Effects of liraglutide treatment on urinary protein excretion, glomerular histopathological changes, and fibrosis in Toll-like receptor (TLR)4^−/− diabetes mellitus (DM) mice. A–C: representative photomicrographs of hematoxylin and eosin (H&E) staining (A), periodic acid-Schiff (PAS) staining (B), and Masson trichrome staining (C) of renal cortex sections from six groups of mice. D–F: quantitative analysis of H&E staining (D), PAS staining (E), and Masson trichrome staining (F). G: urinary albumin creatinine. LR, liraglutide; TLR4^−/−, TLR4^−/− mice; WT, wild-type mice; WT + STZ, streptozotocin-treated WT mice. **P < 0.01 compared with WT groups. ##P< 0.01 vs. WT + STZ group. $$P < 0.01 vs. WT + STZ + LR group. %%P < 0.01 vs.

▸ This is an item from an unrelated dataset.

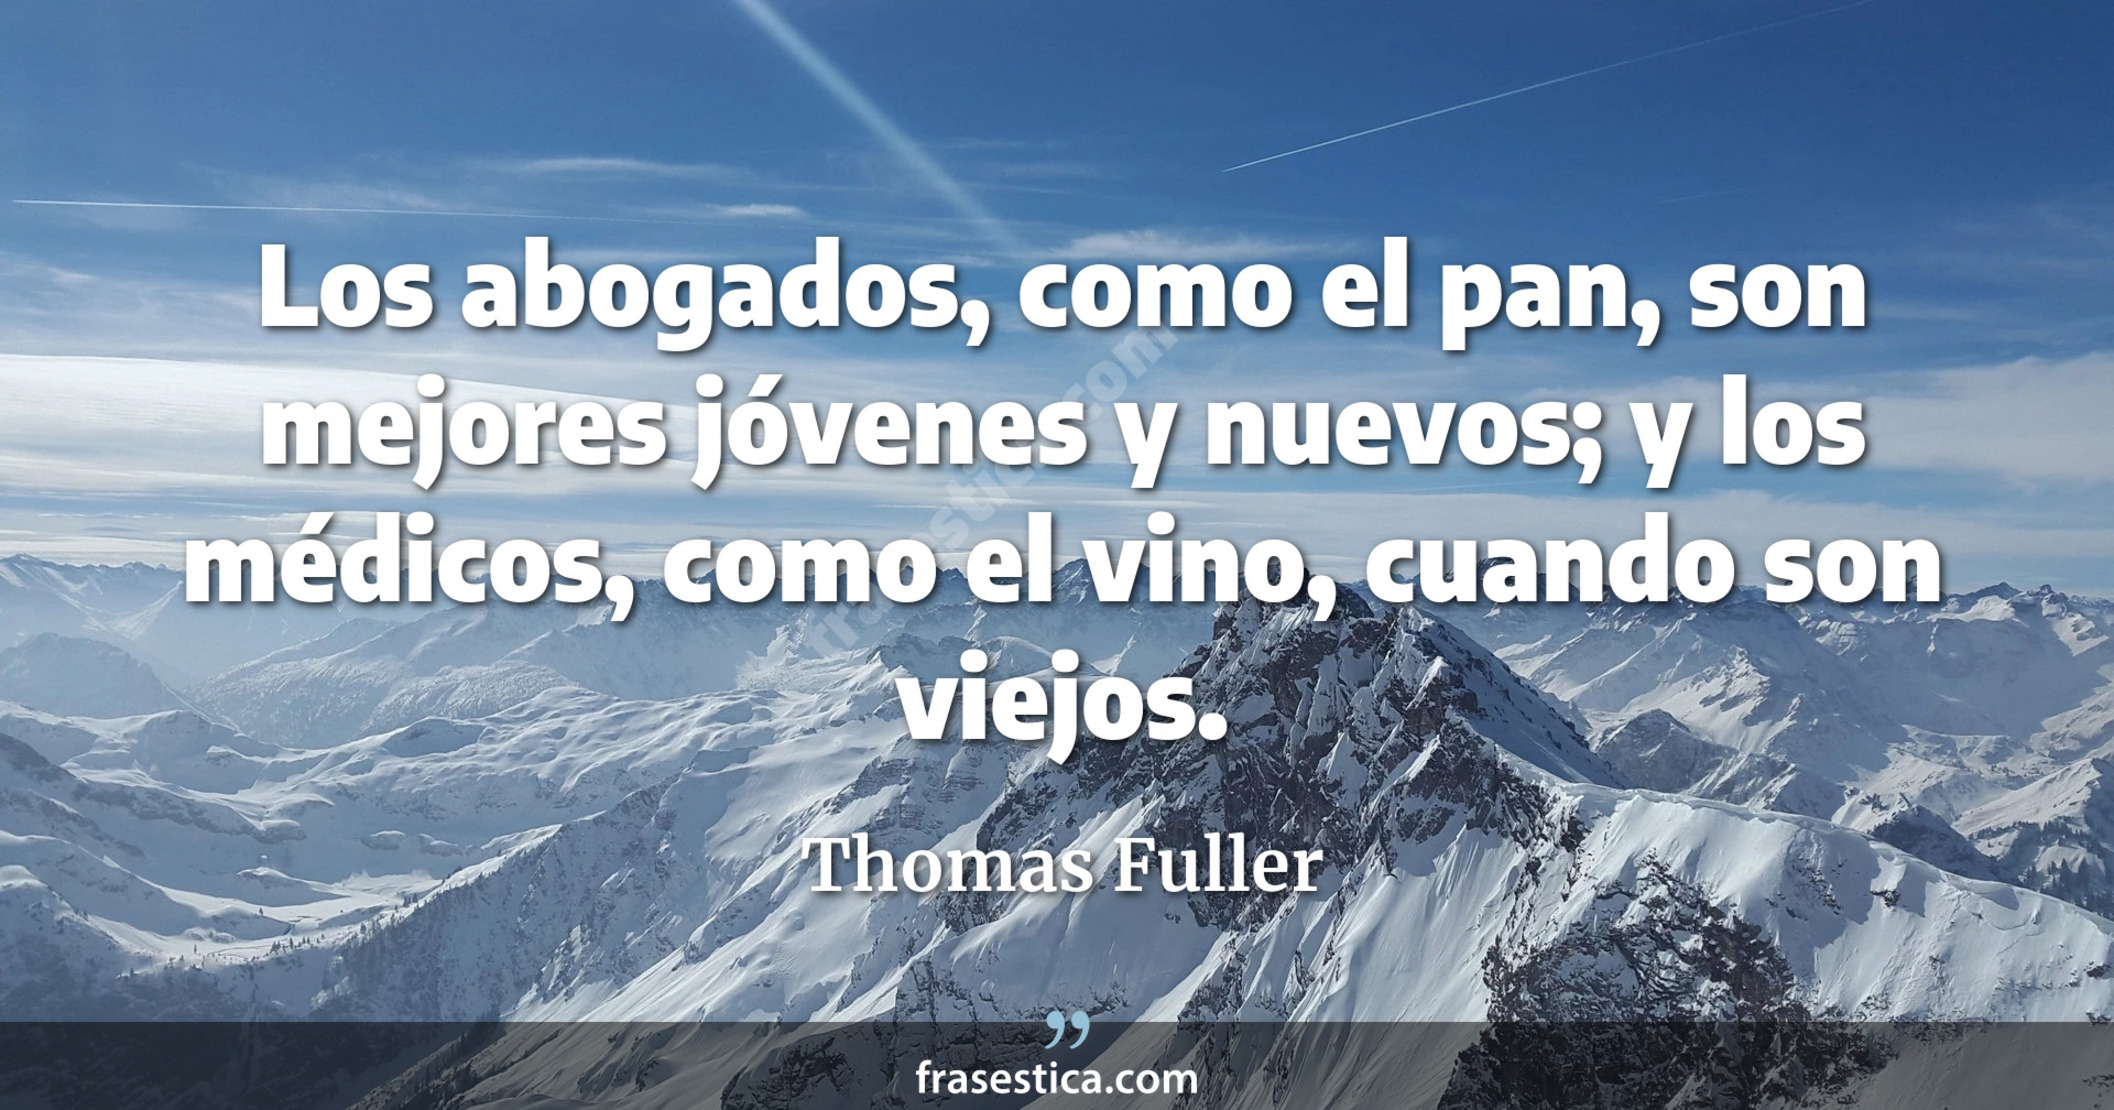 Los abogados, como el pan, son mejores jóvenes y nuevos; y los médicos, como el vino, cuando son viejos. - Thomas Fuller

TLR4^−/− group. &P < 0.05, &&P < 0.01 vs. TLR4^−/− + STZ group. Magnification: ×400.

Figure 5.

Effects of liraglutide (LR) treatment on glomerular extracellular matrix (ECM) in Toll-like receptor (TLR)4^−/− diabetes mellitus (DM) mice by immunohistochemistry. A–C: representative immunohistochemical staining images of α-smooth muscle actin (α-SMA, A), fibronectin (FN, B), and collagen type IV (Col IV, C) in glomeruli from six groups of mice. D–F: semiquantitative analysis of staining intensity of α-SMA (D), FN (E), and Col IV (F). WT, wild-type mice; WT + STZ, streptozotocin-treated WT mice. **P < 0.01 compared with WT groups. ##P< 0.01 vs. WT+STZ group. %P < 0.05, %%P < 0.01 vs. TLR4^−/− group. &P < 0.05, &&P < 0.01 vs. TLR4^−/− + STZ group. Magnification: ×400. n, no. of mice in each group.

Figure 6.

Effects of liraglutide (LR) treatment on glomerular Toll-like receptor (TLR)4/myeloid differentiation marker 88 (MyD88)/nuclear factor κB (NF-κB) signaling pathway, extracellular matrix (ECM) accumulation, and inflammatory factors in TLR4^−/− diabetes mellitus (DM) mice. The protein levels of α-smooth muscle actin (α-SMA), fibronectin (FN), collagen type IV (Col IV), NF-κB, MYD88, and TLR4 were measured by Western blot (A–D, H–K). The protein levels of interleukin-6 (IL-6), tumor necrosis factor-α (TNF-α), and monocyte chemotactic protein-1 (MCP-1) were measured by ELISA (E–G). TB, α-tubulin. *P < 0.05, **P < 0.01 compared with wild-type (WT) groups. #P < 0.05, ##P < 0.01 vs. WT + streptozotocin (STZ) group. $P < 0.05, $$P < 0.01 vs. WT + STZ + LR group. %P < 0.05, %%P < 0.01 vs. TLR4^−/− group. &P < 0.05, &&P < 0.01 vs. TLR4^−/− + STZ group. Magnification: ×400. n, no. of mice in each group.

Figure 7.

Illustration of liraglutide on inflammation and extracellular matrix (ECM) through the Toll-like receptor (TLR)4 signaling pathway. Schematic illustration of the mechanistic pathway mediating the liraglutide effect on mesangial cells (MCs) in diabetic kidney disease. High glucose or diabetes activates TLR4/myeloid differentiation marker 88 (MyD88)/nuclear factor κB (NF-κB) signaling pathway in MCs, resulting in extracellular matrix (ECM) protein production in diabetic kidney disease. Liraglutide downregulates TLR4/MyD88/NF-κB signaling, thus blunts high glucose-induced ECM protein accumulation and ameliorates diabetic kidney disease.